# Task goal
For this exercise, restate word for word only the lines from the one containing "Bodega Aurrerá: Minicomponente" through the last line below. Pictures do not get copied.

# Stored data
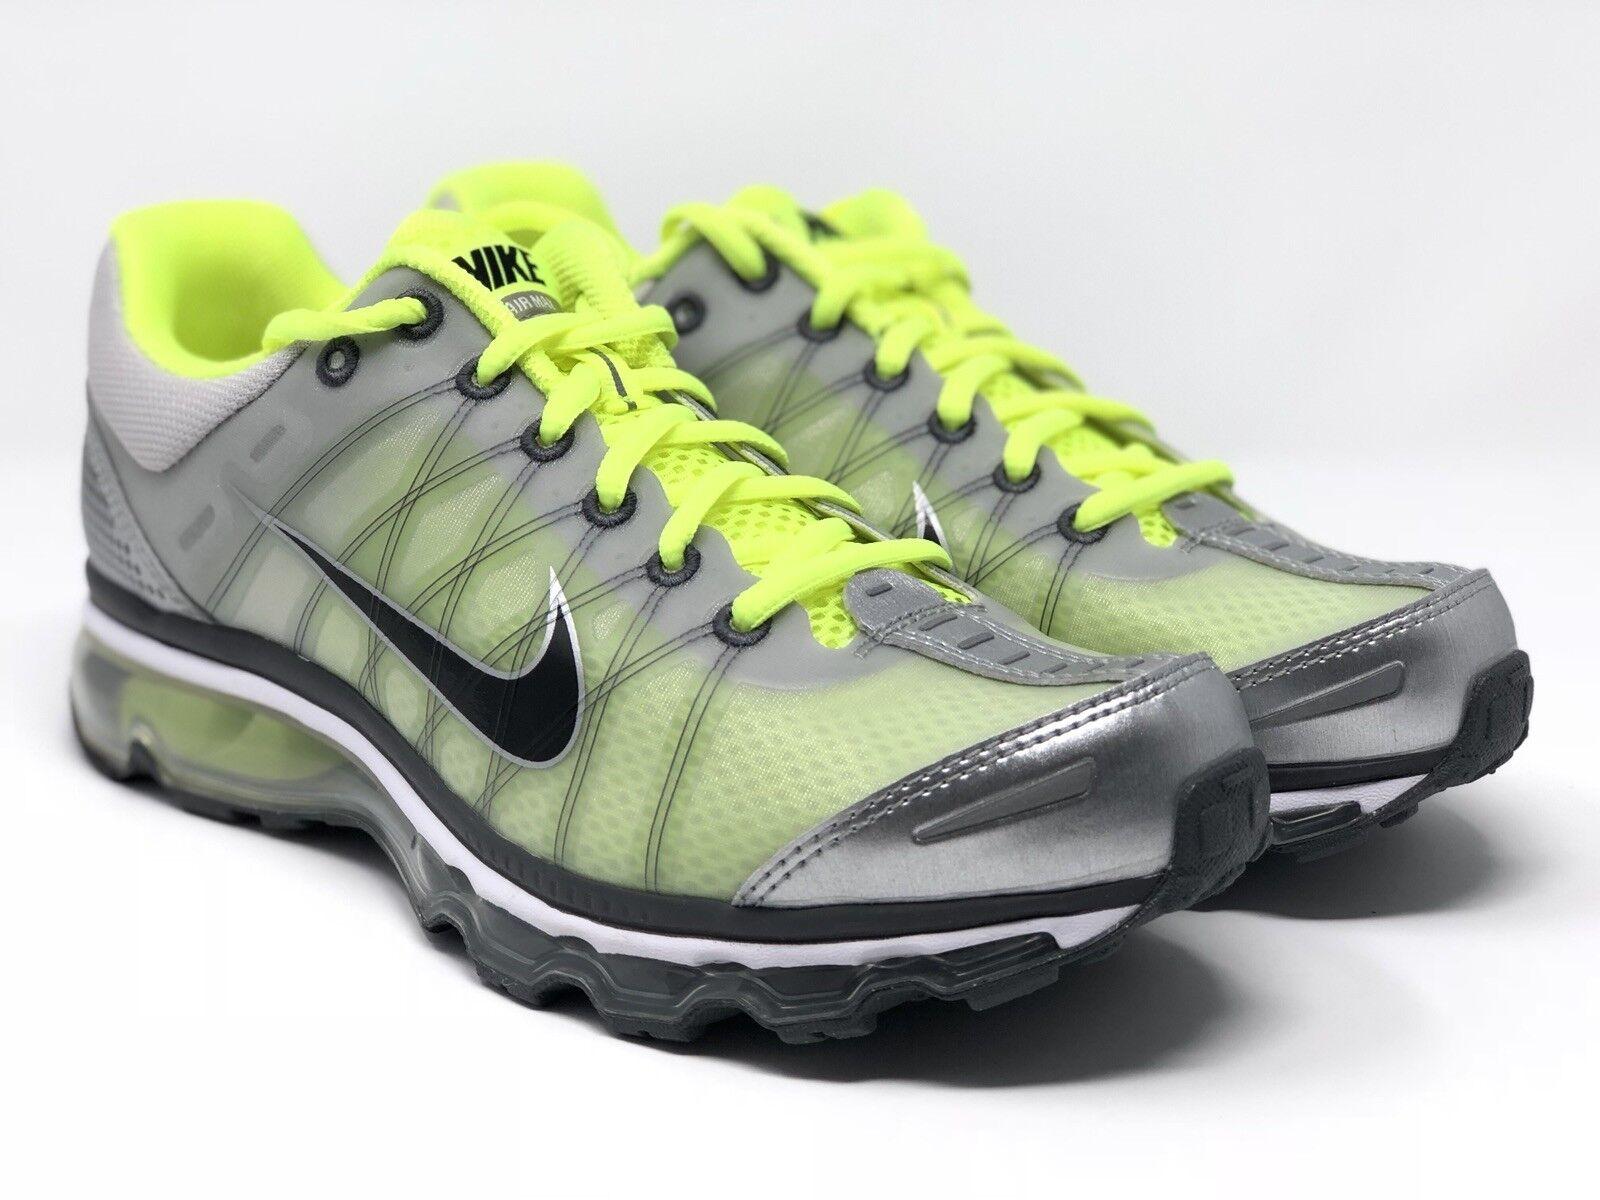 Nike Air Max 2018 Shoes Neutral Grey/Volt Men's New 486978-017 Size 7.5
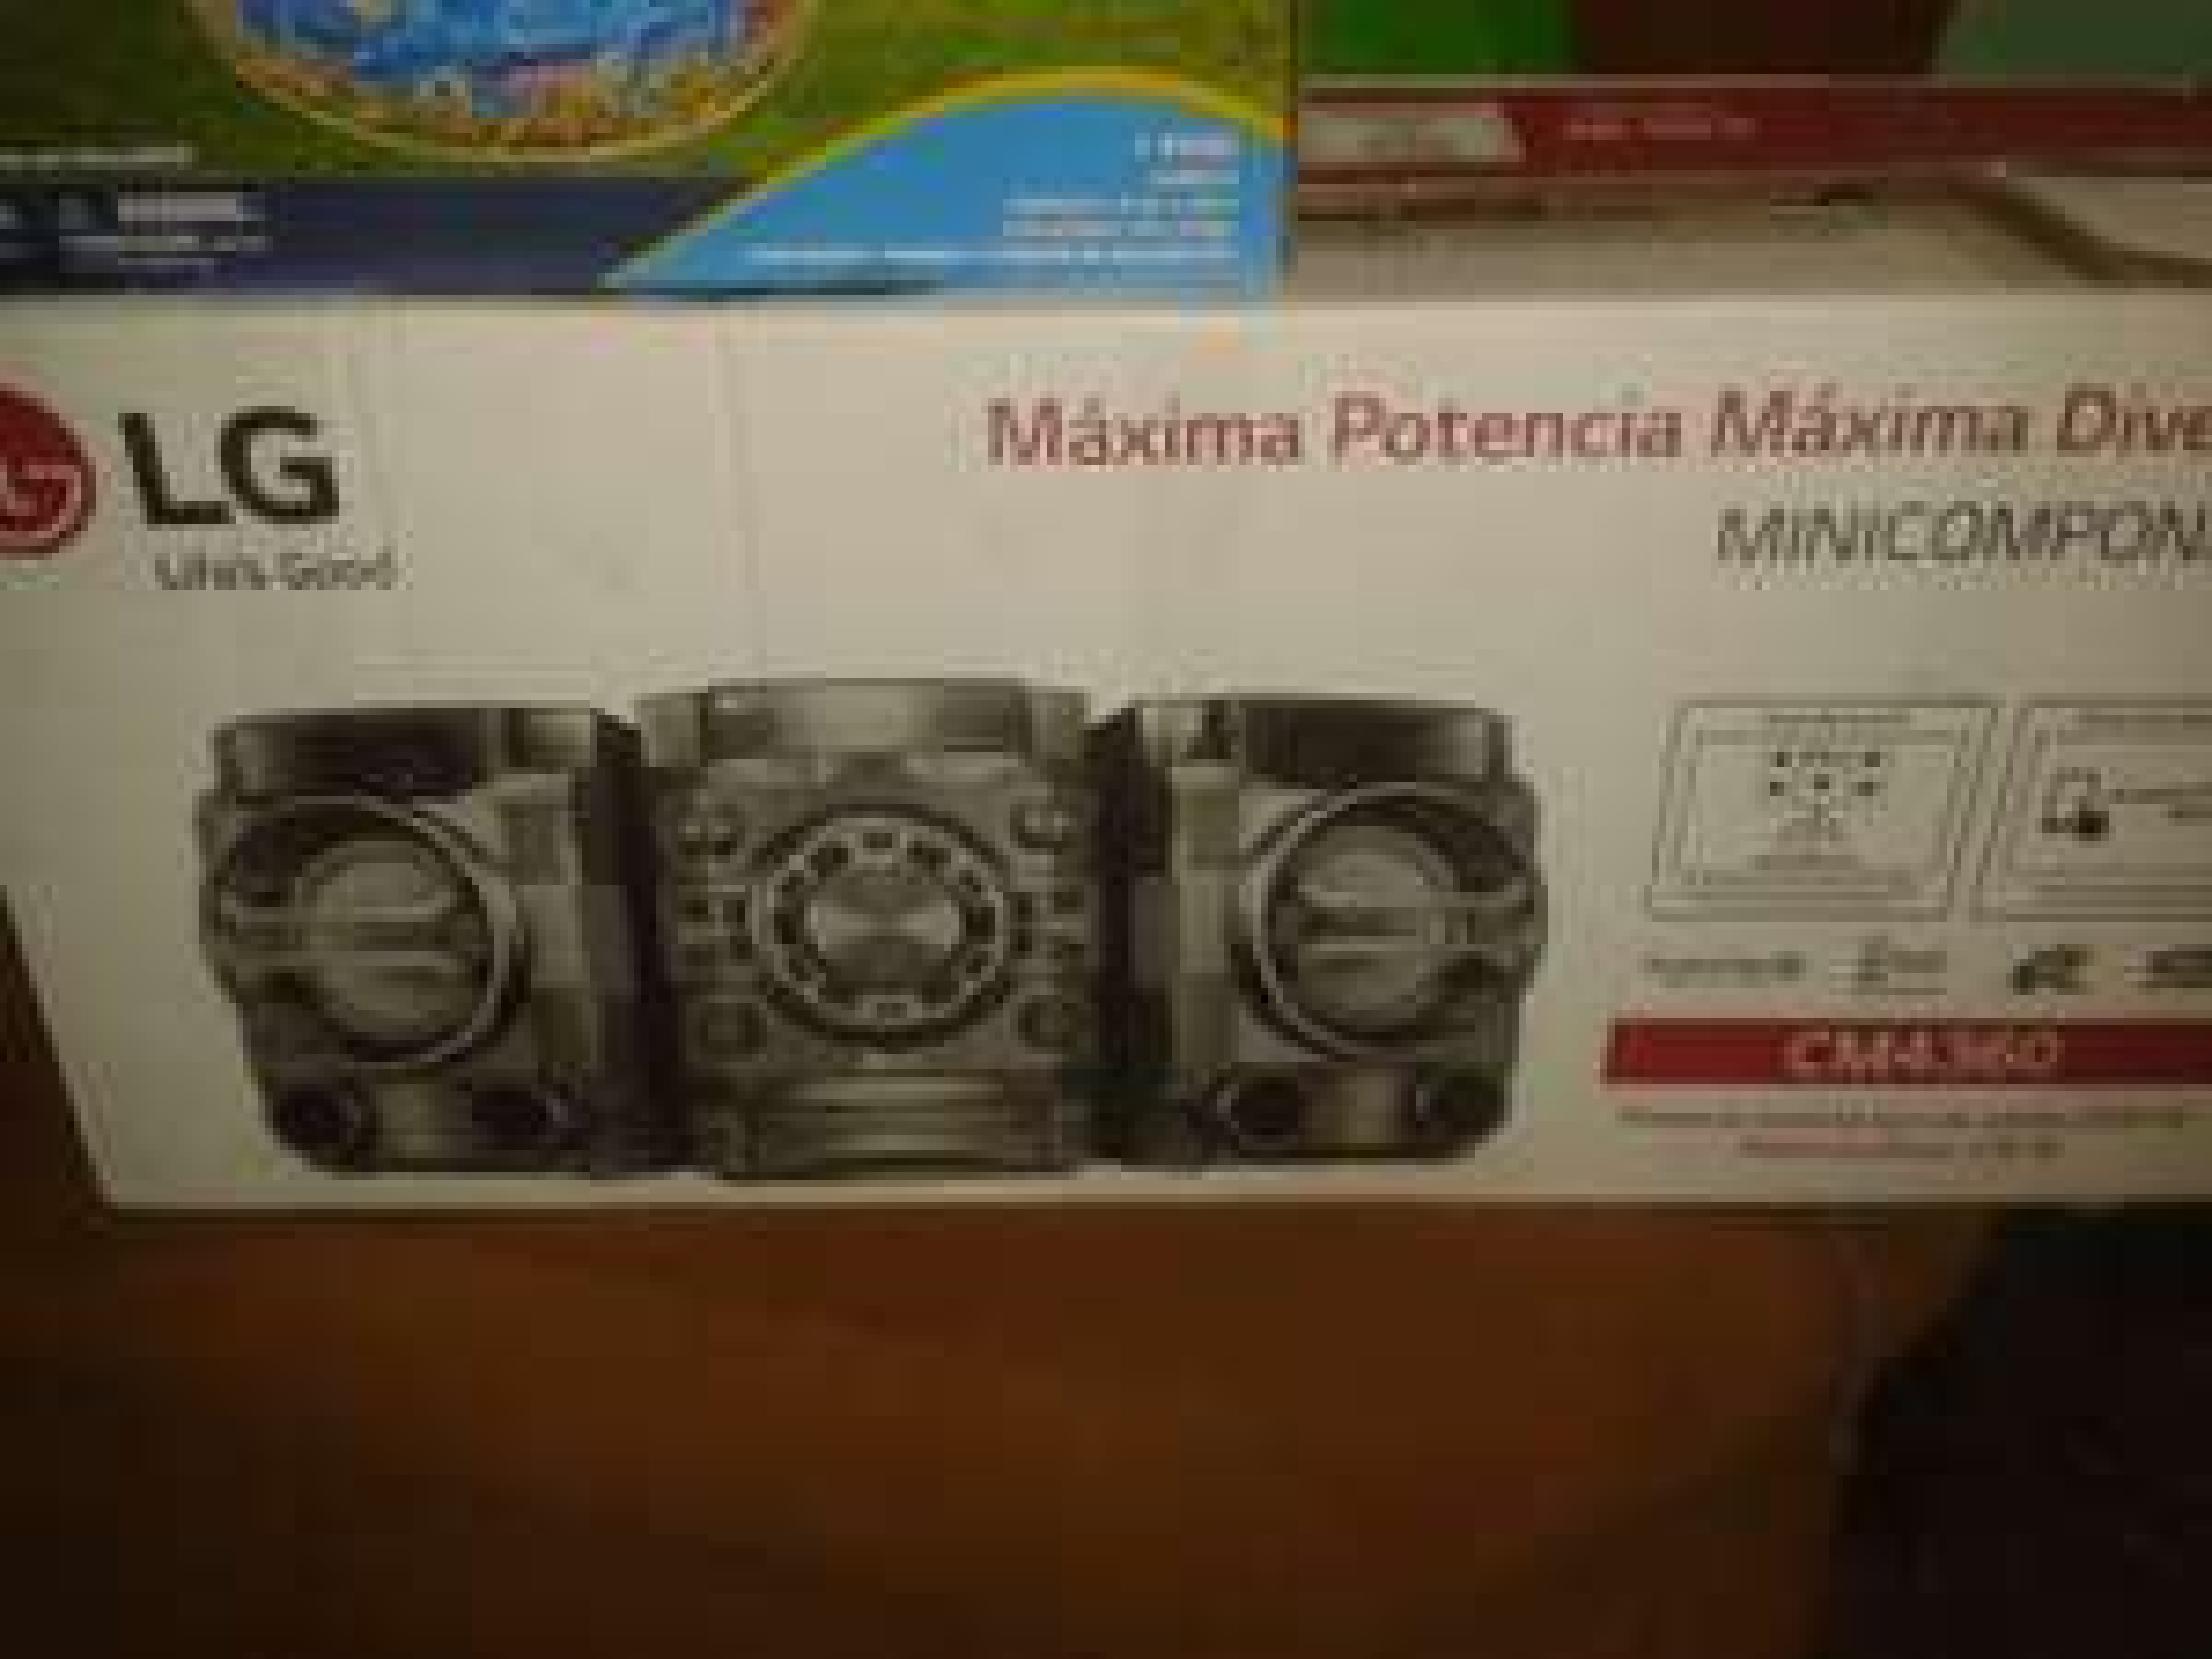 Bodega Aurrerá: Minicomponente LG CM4360 a $1,195.01
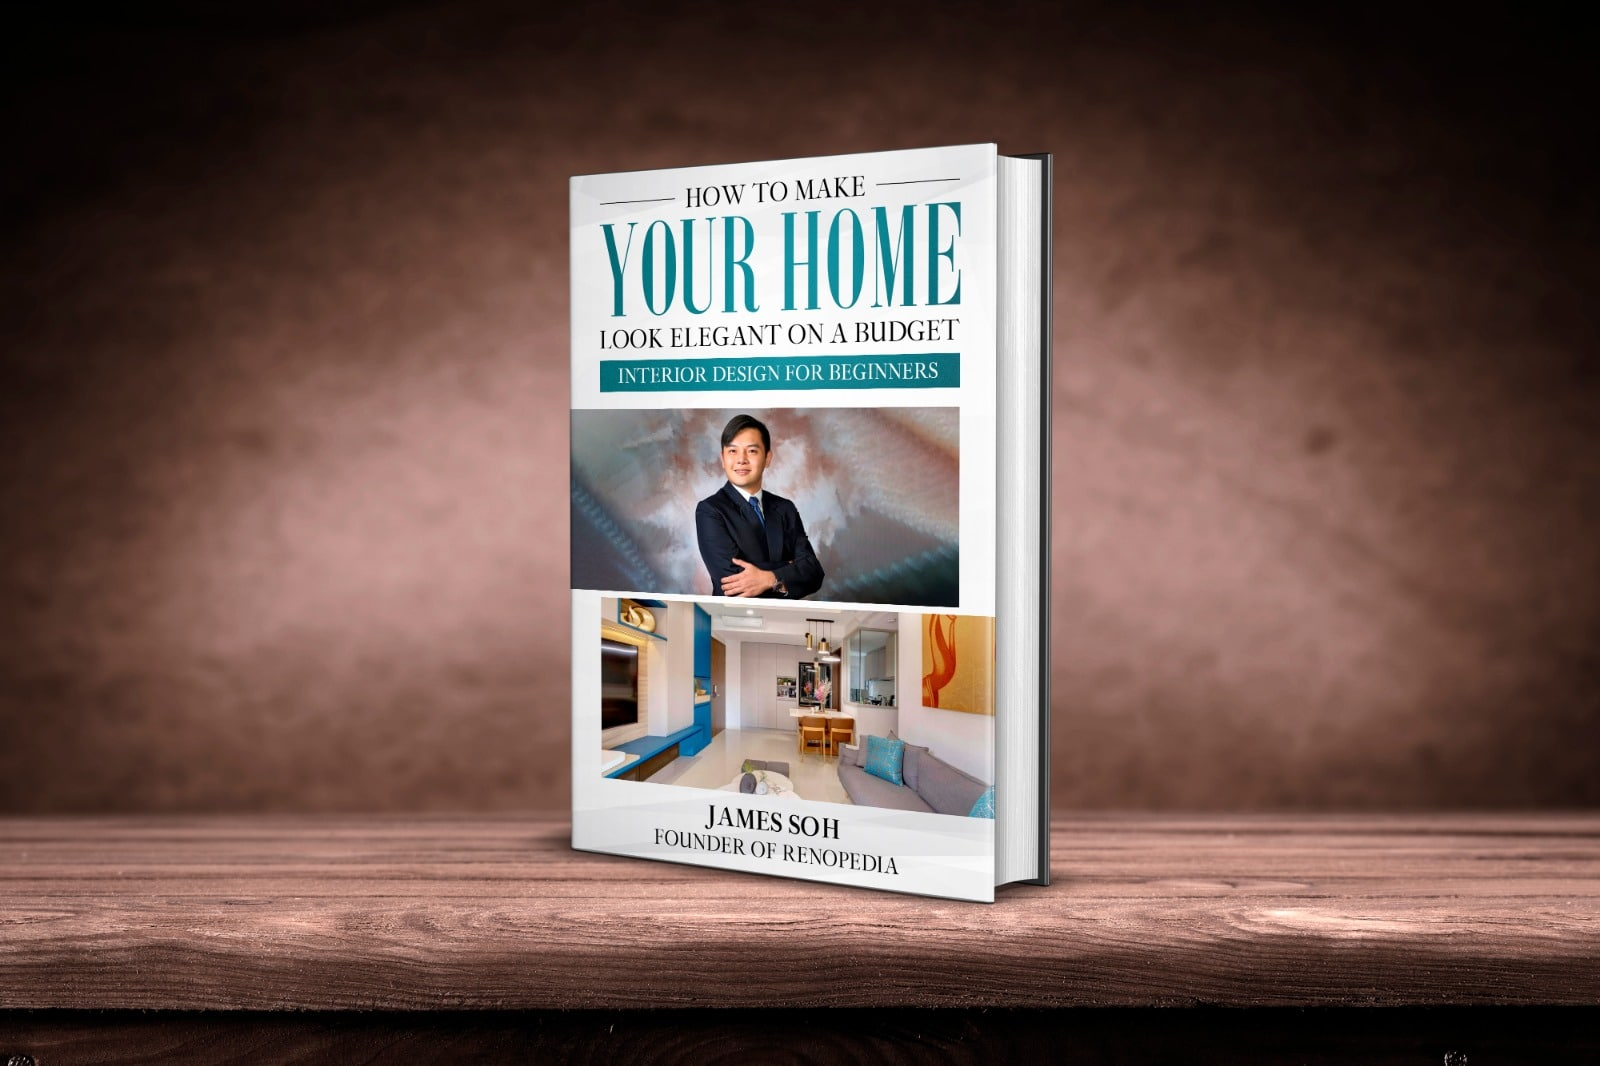 James Soh's Book, Interior Design for Beginners

# Task answer
 Bodega Aurrerá: Minicomponente LG CM4360 a $1,195.01
 James Soh's Book, Interior Design for Beginners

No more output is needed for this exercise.